Carter has served as the federal student aid office’s acting chief operating officer since July 2024. Before that, she served a brief stint as principal deputy chief operating officer for student aid, moving into that role after the department, under former Secretary Miguel Cardona, came under fire for its bungled update of the Free Application for Federal Student Aid, or FAFSA, and student aid director Richard Cordray stepped down.

Before joining the student aid office, Carter served as acting assistant secretary and chief financial officer in the Education Department’s office of finance and operations, according to an agency biography.

The student aid team within the Education Department handles billions of dollars in student financial aid and loans. Federal Student Aid provided $121 billion in federal student grants, loans, and work-study funds to nearly 10 million students at approximately 5,400 colleges and career schools during fiscal year 2024, according to the department.
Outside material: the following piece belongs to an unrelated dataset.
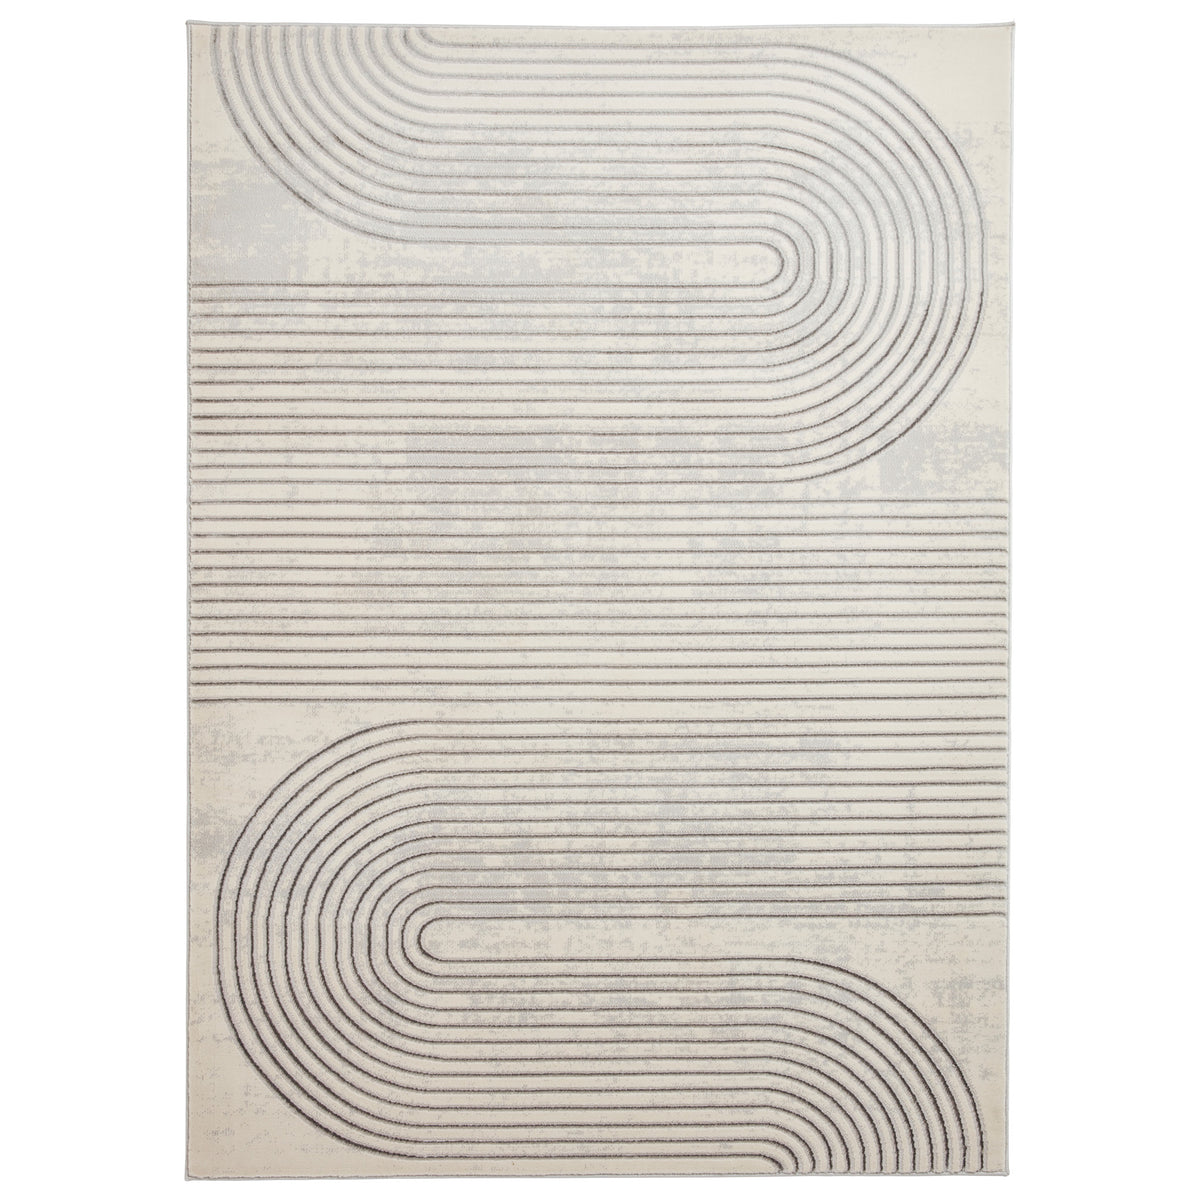 Aldrin Grey Ivory Swirl Patterned Rug from Roseland furniture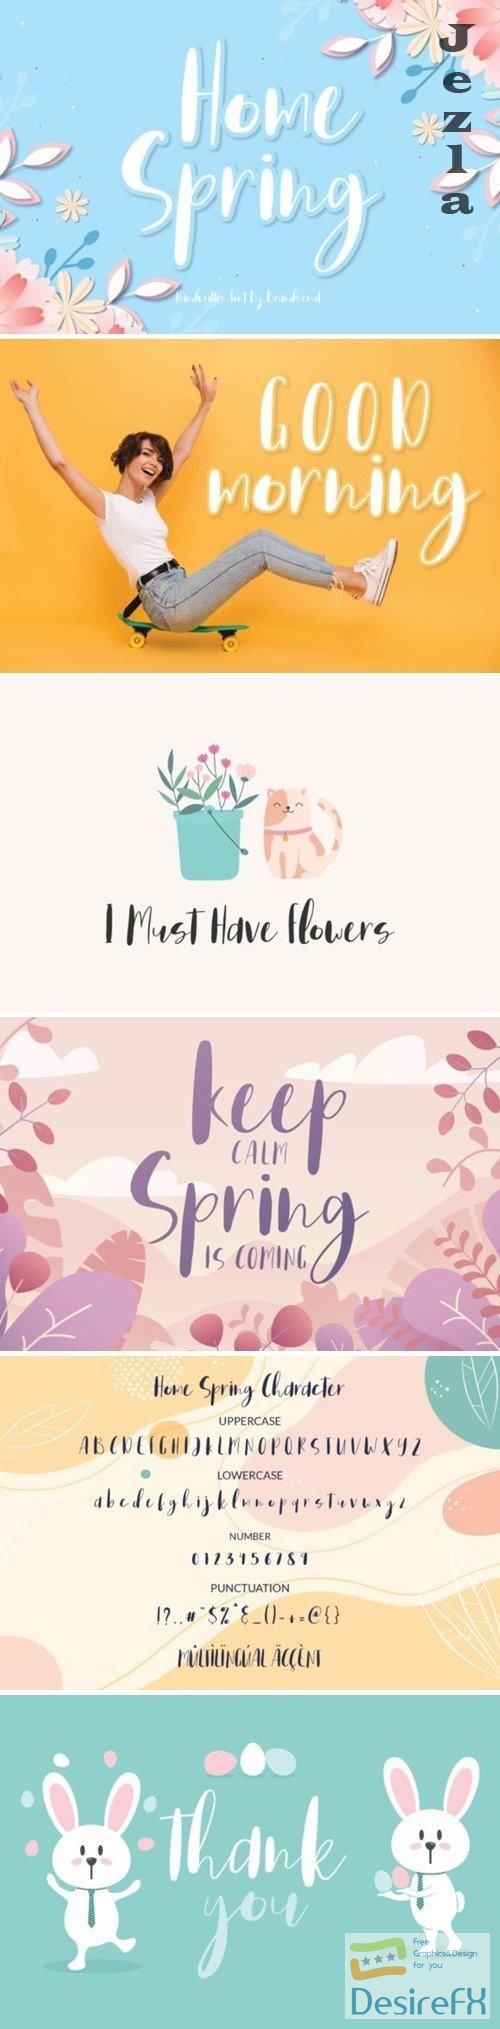 Home Spring Font

At the end of the same fiscal year, there were more than 45 million borrowers holding roughly $1.6 trillion in federal student loans.

As the Biden administration’s attempts at expansive student debt relief were dashed by legal challenges—though the administration still forgave loans for millions of borrowers—Carter led programming to provide resources and support for borrowers who resumed loan repayments after a three-year pause.

The department was, just days ahead of Trump’s inauguration, outlining ways to keep borrowers from defaulting on their loans under the new administration, according to an NBC report. For the first time in years, those who fail to make payments on their debt can face wage garnishment.

Before joining the Education Department, Carter worked in the U.S. Department of Health and Human Services as deputy assistant secretary for human resources and as chief human capital officer. She was responsible for services for that agency’s staff of more than 90,000, according to her biography.